RADARSEMARANG.ID, Ungaran - Polres Semarang saat ini sedang menyelidiki dugaan perusakan masjid di Bandungan, Kabupaten Semarang.
Kapolres Semarang AKBP Ratna Quratul Ainy saat ditemui menyebutkan peristiwa ini diduga berkaitan dengan masalah pribadi, dan tidak ada kaitan dengan isu agama.
Dalam video tersebut terlihat beberapa pria dengan menujukan kondisi masjid yang berantakan.
Terlihat kursi dengan posisi terbalik dan tirai pemisah jemaah laki-laki dan perempuan yang berserakan dilantai.
Terdengar juga suara yang menyampaikan bahwa masjid dalam kondisi berantakan karena diobrak-abrik oleh pemilik tempat karaoke di Bandungan.
"Didalam video tersebut pelakunya adalah seorang pengusaha tempat hiburan berinisial I. Setelah ada kejadian tersebut, anggota Polsek Bandungan langsung melakukan asistensi dan mitigasi dengan cepat. Petugas sudah melakukan konfirmasi ke takmir masjid dan perangkat desa. Sebelum peristiwa tersebut ada rangkaiannya, jadi salah paham pribadi, kemudian bergeser menjadi isu agama,"jelasnya. Selasa (28/10).
Hingga saat ini Ratna mengatakan masih terus mendalami peristiwa tersebut. Termasuk, soal penyebarluasan informasi yang belum jelas kebenarannya. Ratna juga menekankan tidak ada swepping, ormas keagamaan yang ke Bandungan.
Berkaitan dengan laporan pihaknya masih mendalami untuk menemukan pelaku yang sebenarnya hingga masjid menjadi tidak rapi.

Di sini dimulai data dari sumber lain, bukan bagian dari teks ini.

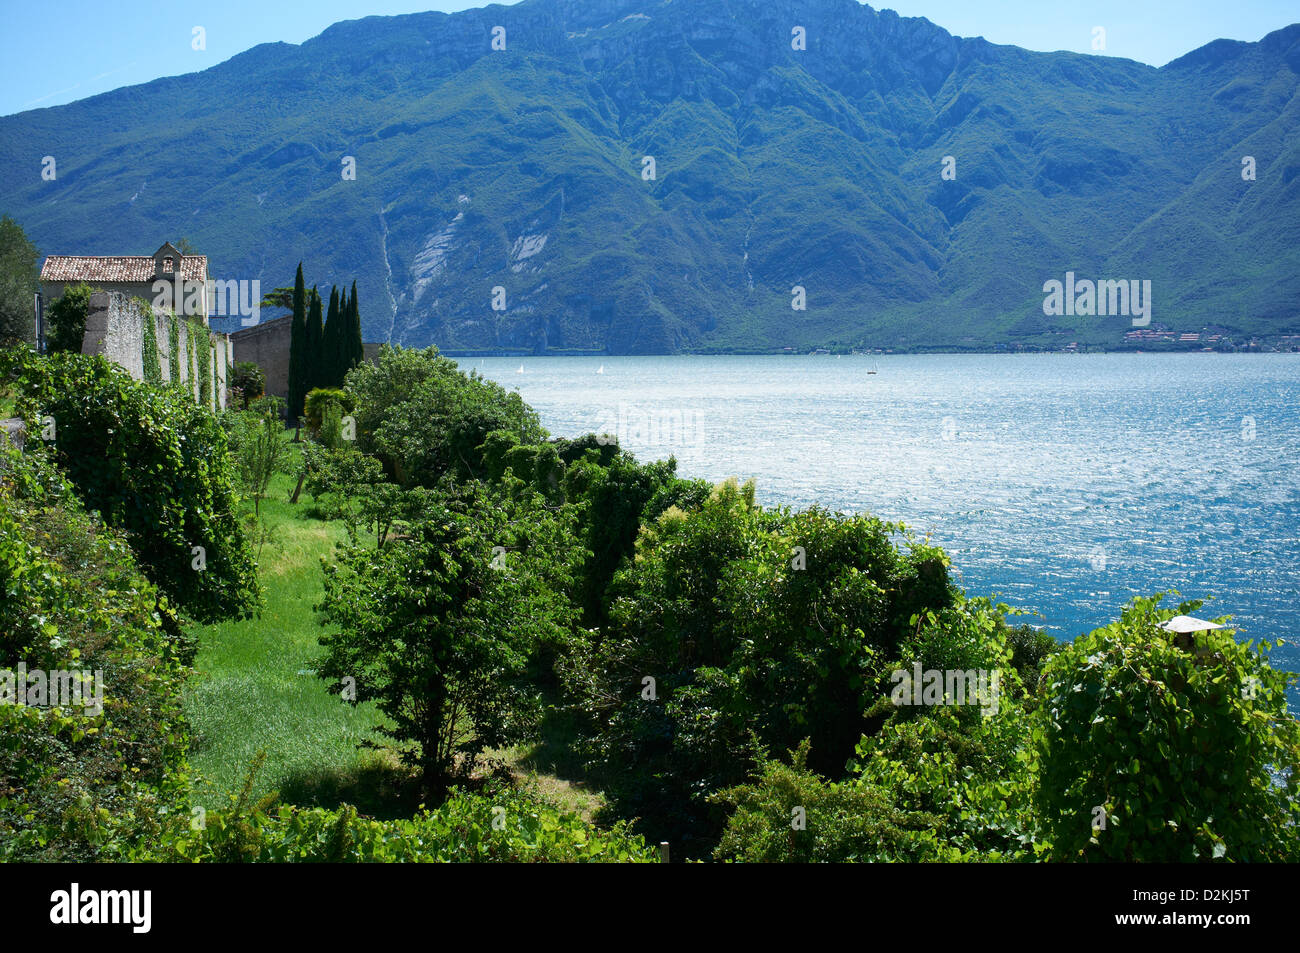 Trees and vegetation around Lake Garda with Monte Baldo in the background, Italy Stock Photo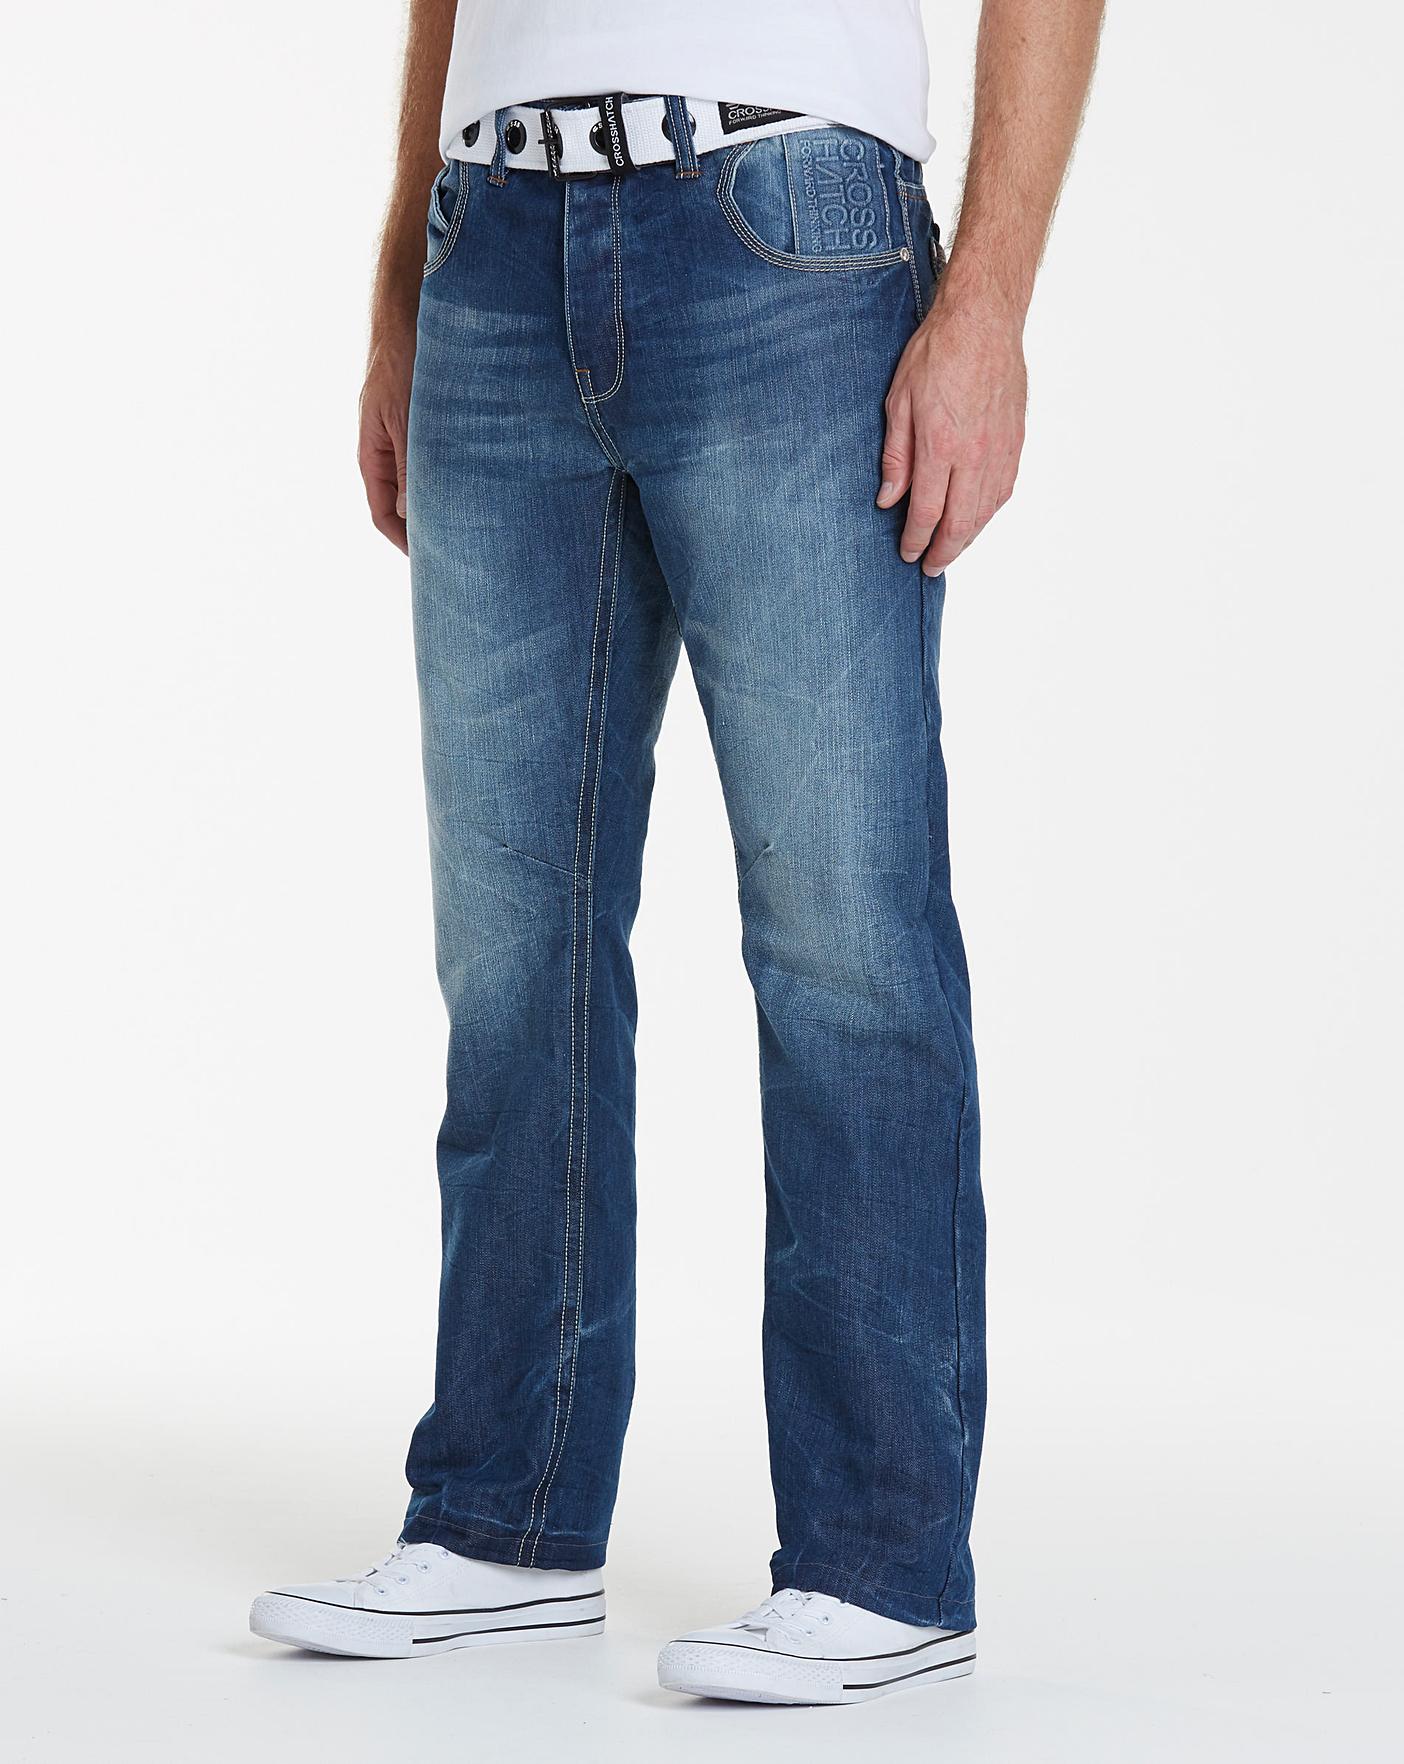 crosshatch jeans

Termasuk penyebarluasan informasi yang belum jelas kebenarannya.
"Dijadwalkan hari ini membuat aduan, kemarin sudah konsultasi ke Kasat Reskrim. Untuk yang terlapor juga belum ada masih penyelidikan lebih dulu, dikembangkan agar lebih luas.Termasuk juga ada aduan di Polsek Bandungan, nanti kita teliti lagi. Kalau memang materinya sama, penanganannya bisa ditarik ke polres,"lanjutnya.
Ratna juga meminta kepada masyarakat untuk tidak terprovokasi dan tetap tenang menyikapi isu yang beredar.
Termasuk jangan jadi alat dari para pihak yang mencari keuntungan pribadi atas kejadian ini.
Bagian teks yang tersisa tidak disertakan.